Based on record review, policy review, observation and interview, it was determined the facility failed to establish a process for prompt resolution of patient grievances for 3 of 3 abuse allegations (patients #6, #8 and #9), and failed to provide care in a safe setting for 4 of 4 patients.
Findings include;


-The facility failed to investigate patient allegations of abuse resulting in increased risk of patient injury (A-0118).

-The facility failed to provide a safe environment by enforcing time and attendance policies or assessing patients at increased risk of falls (A-0144).

The cumulative effect of which compromises the safety of all patient's served by the facility.

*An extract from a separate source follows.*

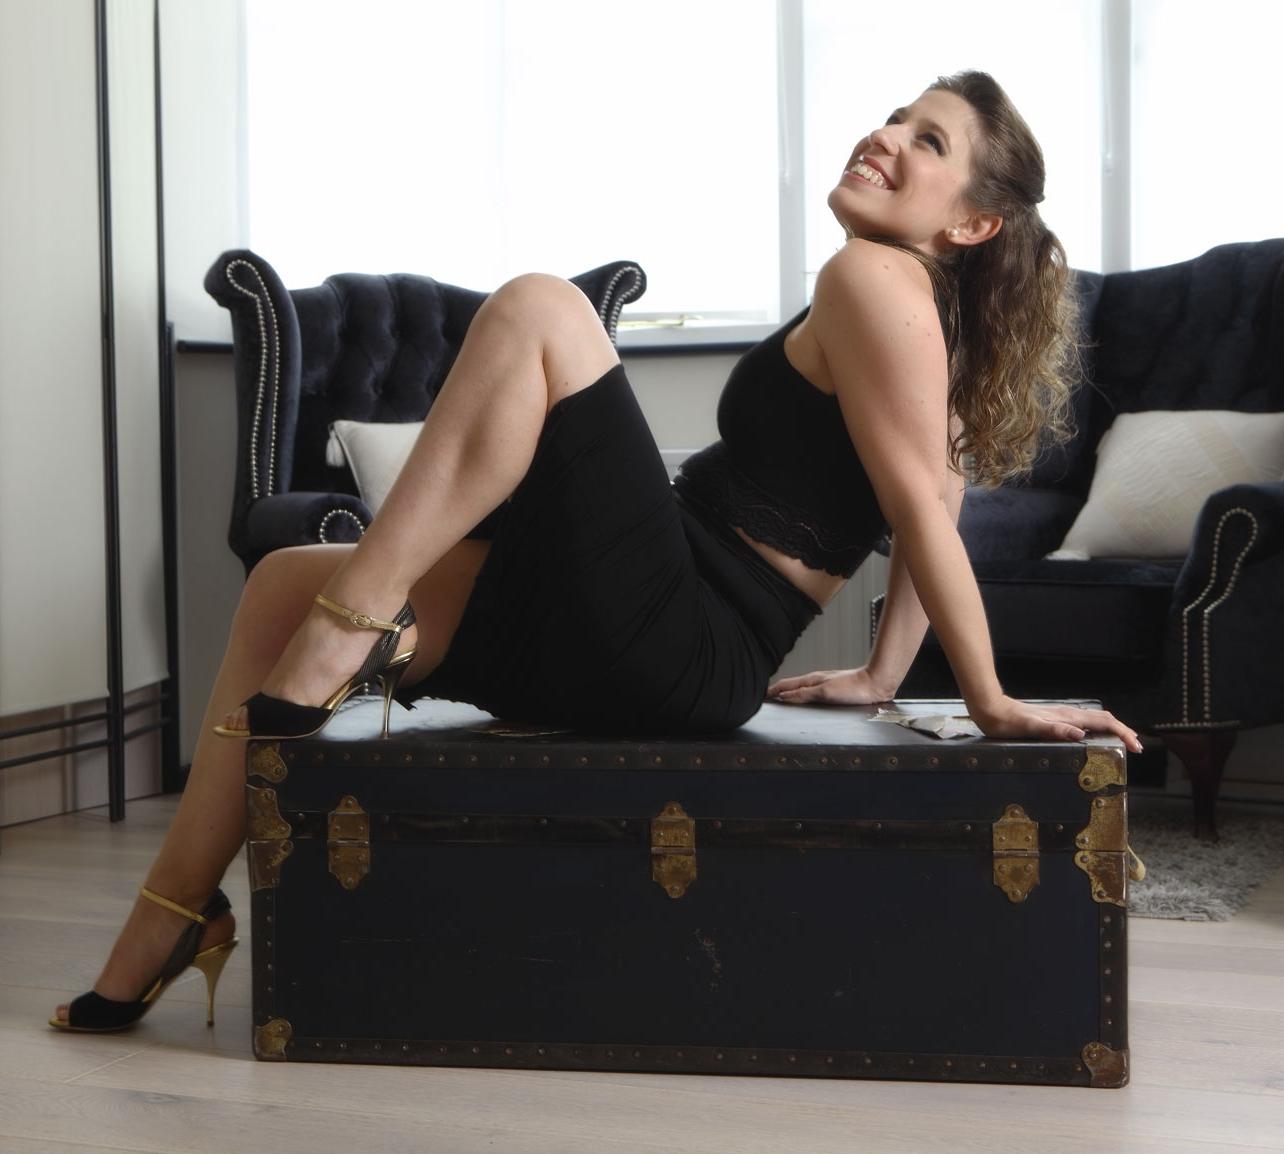 Stefania Colina wearing Yuyo Brujo shoes (Al Verla Pasar) - click to shop
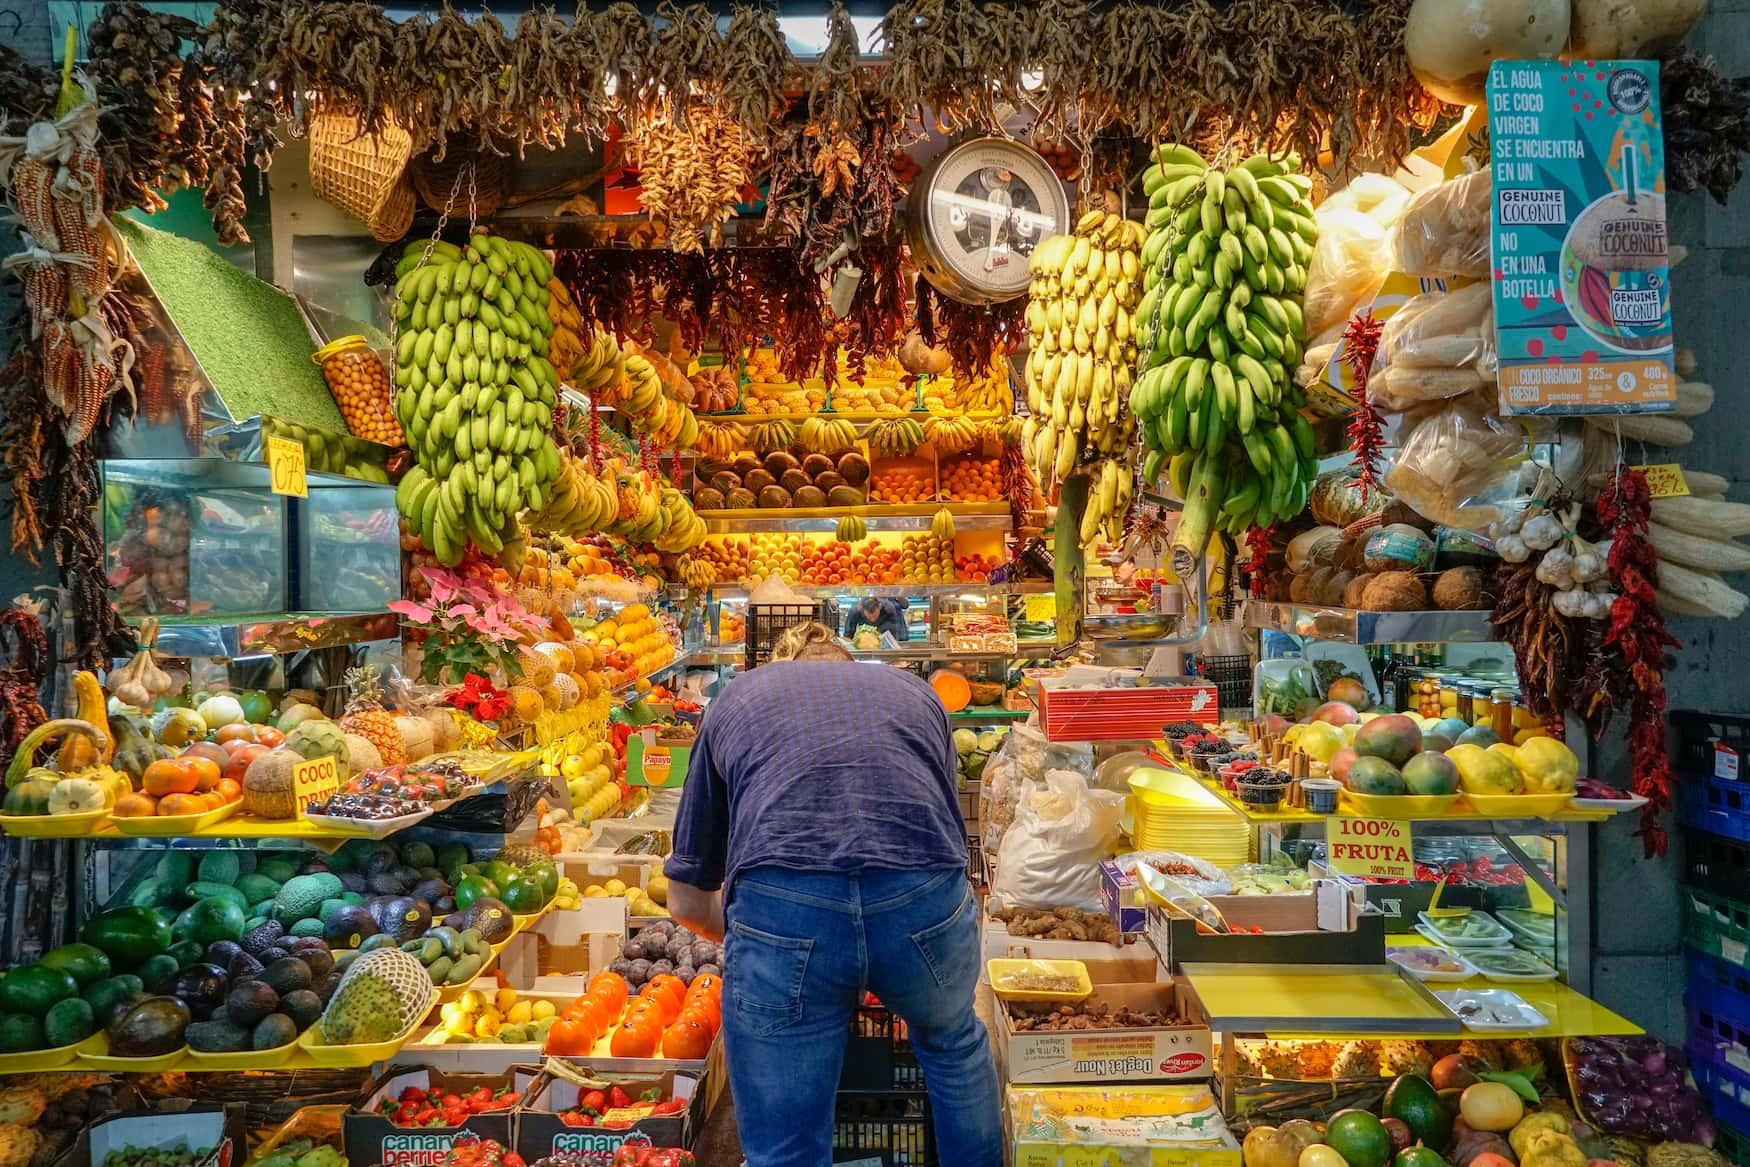 Tropische Früchte an Marktstand in Las Palmas de Gran Canaria

This CONDITION is not met as evidenced by:

Based on record review, policy review, observation and interview, it was determined the facility failed to establish a process for prompt resolution of patient grievances for 3 of 3 abuse allegations (patients #6, #8 and #9), and failed to provide care in a safe setting for 4 of 4 patient's (patient's #1, #3, #4 and #5).

Findings include;


-The facility failed to investigate patient allegations of abuse resulting in increased risk of injury (A-0118).

-The facility failed to provide a safe environment by enforcing time and attendance policies or assessing patient's at increased risk for falls (A-0144).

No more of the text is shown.